Let's go through the provided problems one by one:

Problem 15:

$\text{Nilai dari } \log_3{9} + \log_3{108} - \log_9{4} + \log_9{27} \text{ adalah} \, \dots$

We break it down as follows:

• $\log_3{9} = \log_3{(3^2)} = 2$
• $\log_3{108} = \log_3{(3^3 \times 4)} = 3 + \log_3{4}$
• $\log_9{4} = \frac{1}{2} \log_3{4}$
• $\log_9{27} = \frac{1}{2} \log_3{27} = \frac{1}{2} \times 3 = \frac{3}{2}$

Now, combine them: $2 + (3 + \log_3{4}) - \frac{1}{2} \log_3{4} + \frac{3}{2}$

Simplify: $5 + \log_3{4} - \frac{1}{2} \log_3{4} + \frac{3}{2} = 5 + \frac{1}{2} \log_3{4} + \frac{3}{2}$

Now, simplify further: $\text{Final result} = 5 + \frac{3}{2} = \frac{10}{2} + \frac{3}{2} = \frac{13}{2}$

Answer for 15: c. $\frac{13}{2}$

Problem 16:

$\text{Jika } \log_2{3} = a \text{ maka } \log_6{8} \text{ adalah } \dots$

We use the change of base formula for logarithms: $\log_6{8} = \frac{\log_2{8}}{\log_2{6}}$

Now, calculate the parts:

• $\log_2{8} = 3$, since $2^3 = 8$
• $\log_2{6} = \log_2{(2 \times 3)} = 1 + \log_2{3} = 1 + a$

Thus: $\log_6{8} = \frac{3}{1 + a}$

Answer for 16: a. $\frac{3}{1 + a}$

Problem 17:

$\text{Jika } \log{x} - \log{25} = \log{0.3}, \text{ nilai } x \text{ adalah } \dots$

This simplifies using the logarithmic property: $\log{\frac{x}{25}} = \log{0.3}$

This gives: $\frac{x}{25} = 0.3 \quad \Rightarrow \quad x = 25 \times 0.3 = 7.5$

Answer for 17: d. 7.5

Problem 18:

$\text{Jika } \log_8{3} = a \text{ dan } \log_3{5} = b, \text{ maka nilai } \log_6{15} \text{ adalah } \dots$

We use change of base: $\log_6{15} = \frac{\log_8{15}}{\log_8{6}}$

Using: $\log_8{15} = \log_8{(3 \times 5)} = \log_8{3} + \log_8{5} = a + b$ And: $\log_8{6} = \log_8{(2 \times 3)} = \log_8{2} + \log_8{3}$

Let $\log_8{2} = \frac{1}{3}$, so: $\log_8{6} = \frac{1}{3} + a$

Thus, the expression becomes: $\log_6{15} = \frac{a + b}{\frac{1}{3} + a}$

Multiply the numerator and denominator by 3 to simplify: $\log_6{15} = \frac{3(a + b)}{1 + 3a}$

Answer for 18: b. $\frac{3a(1 + b)}{3a + 1}$

Do you have any questions or need further explanation?

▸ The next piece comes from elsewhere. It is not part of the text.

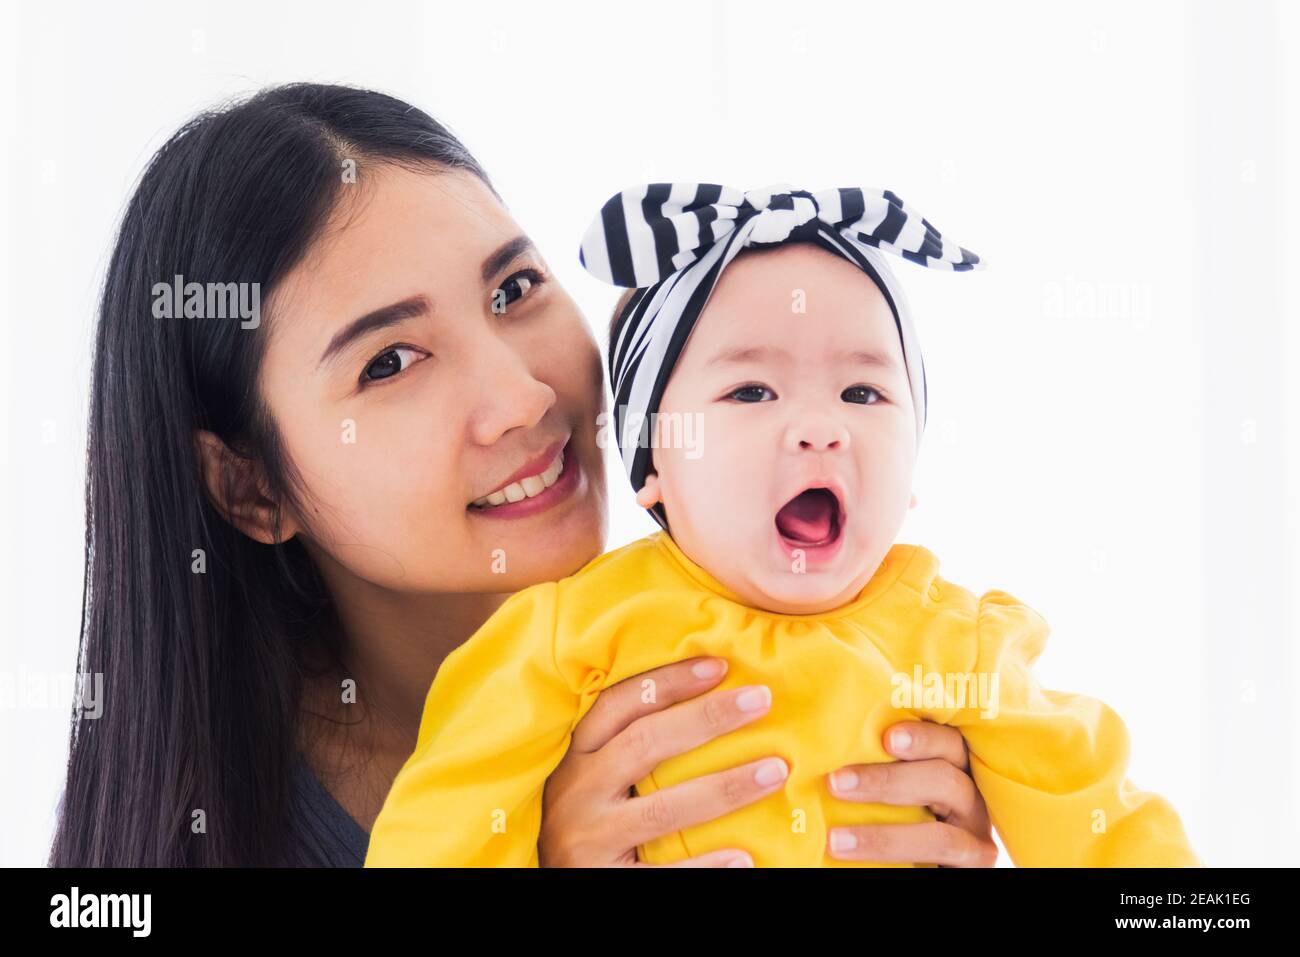 madre jugando y sonriendo con su bebé recién nacido Foto de stock

Here are 5 related questions to deepen your understanding:

1. How do you convert between different logarithmic bases?
2. Why does the change of base formula work for logarithms?
3. Can you find $\log_b{x}$ if you're only given the value of $\log_a{x}$ and $\log_a{b}$?
4. How would you solve logarithmic equations involving addition or subtraction of logs?
5. How do logarithmic scales apply in real-world scenarios?

Tip: Remember, logarithms are inverses of exponents, and understanding their relationship to powers helps solve complex logarithmic equations easily.